Unless there was some reason he
needed
to be inside the Palace . . .
“Could your father have died this very evening, making you King without your knowing it?” Vinthor continued. He asked the question softly, but there was some hidden depth to it that Karl couldn't fathom. “Perhaps the King has the power to pass through the Barrier.”
“I've never heard that, either,” said Karl. “And when my father dies, I
will
know it.”
“Hmmm.” Vinthor glanced at the fire for a moment, thinking. Karl closed his eyes and pounded his fists silently on his legs, willing the agony in his feet to retreat. It didn't work.
Jopps bustled in with a plate piled with slices of bread, cheese, and meat of some kind, though Karl couldn't quite decide what it was aside from gray and slightly slimy.

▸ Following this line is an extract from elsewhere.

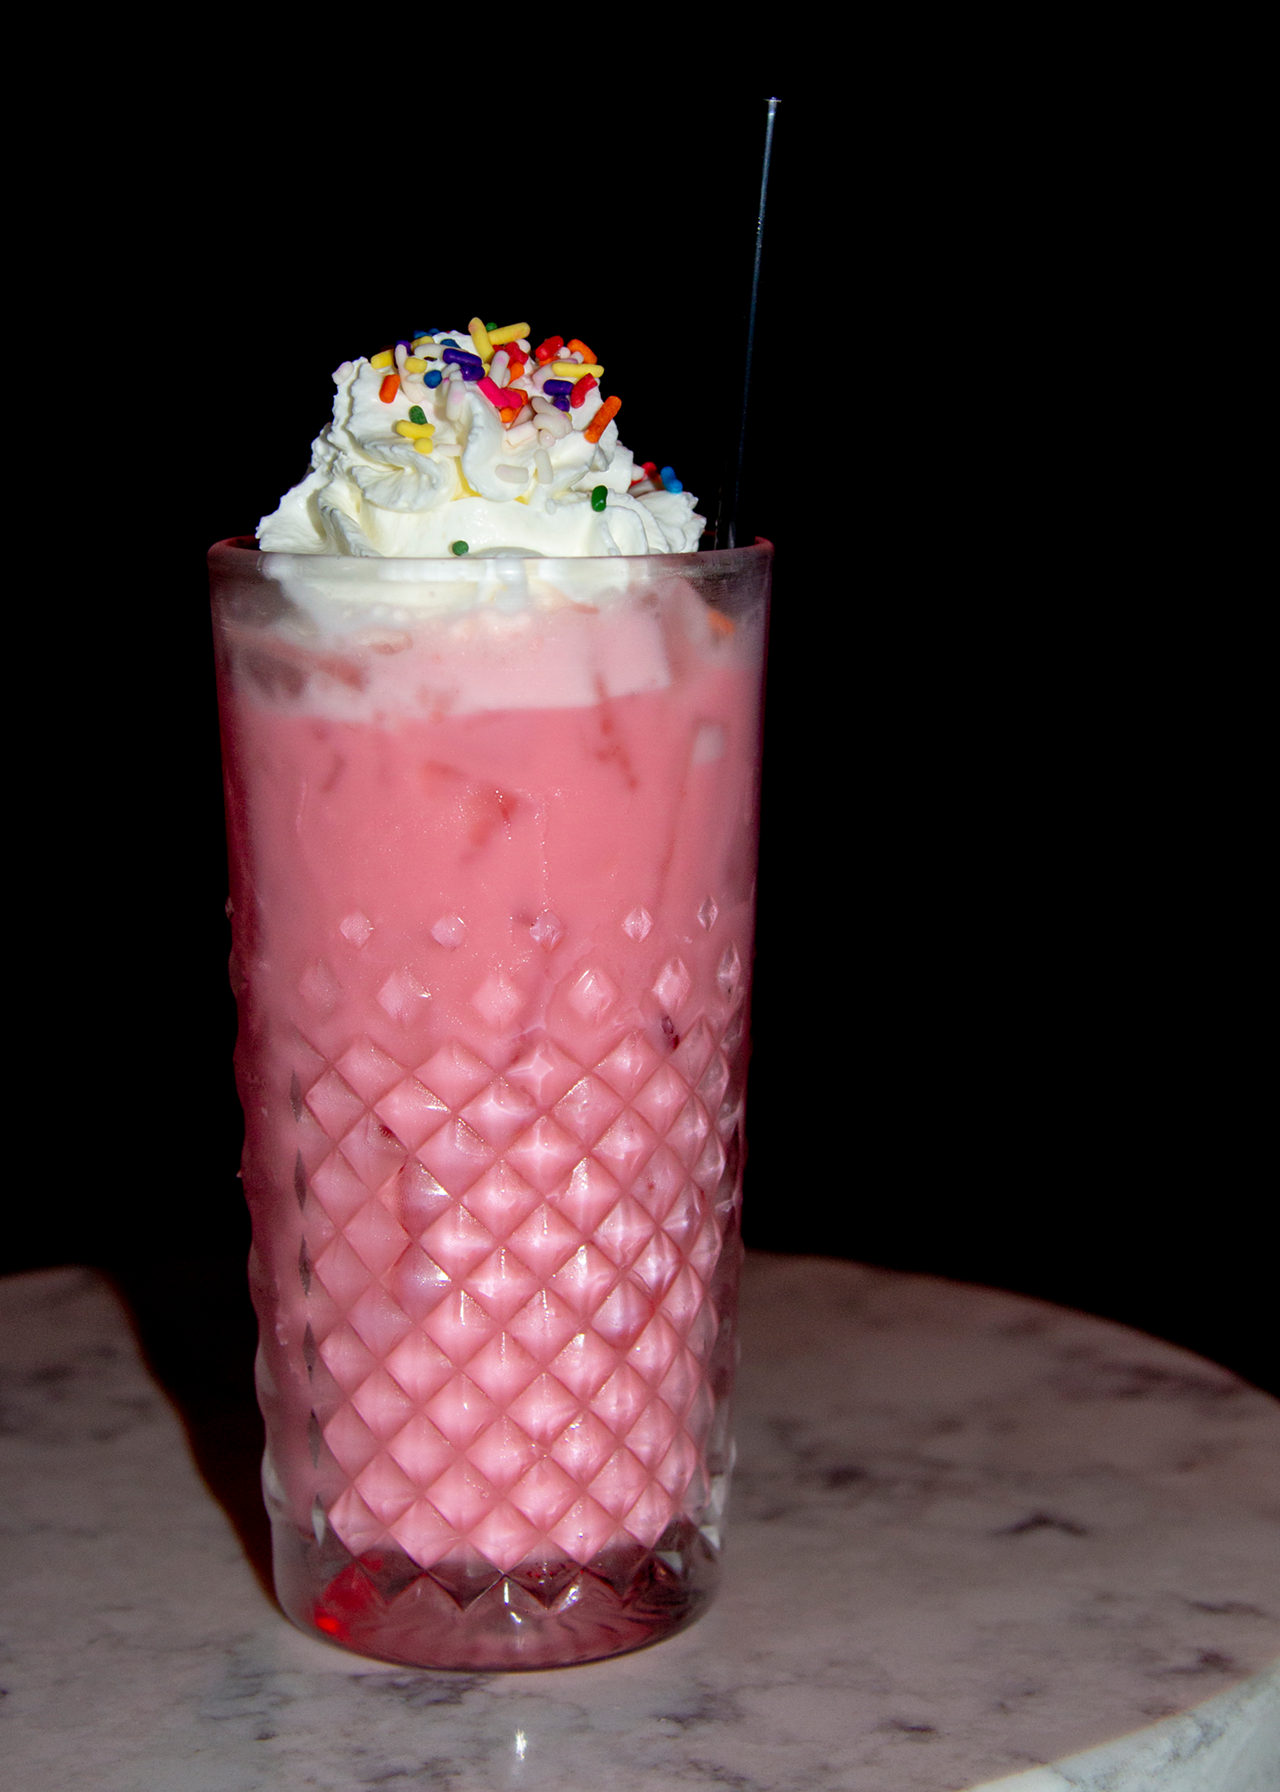 The Video Archive (965 E. McMillan Road, East Walnut Hills) is a nostalgic movie store that doubles as a speakeasy. Jason Keeney, general manager, says all drinks are inspired by Quentin Tarantino films, including the famous $5 milkshakes (vanilla, chocolate and strawberry). Pictured is a strawberry milkshake spiked with bourbon, milk, strawberry syrup and house-made bourbon whipped cream.

Jopps went out again, returning in a moment gripping four mugs by their handles with one hand and an open wine bottle with the other. He slopped wine into the mugs, put the empty bottle aside, and went to the door, opening it to hand one of the mugs to Denson in the darkness beyond; then he closed the door again, picked up his own mug, and plopped down on the chair closest to the fire, between Vinthor and Karl. Placing a piece of cheese and a piece of meat between two slices of the bread, he ate noisily, apparently oblivious to both his leader and the Prince.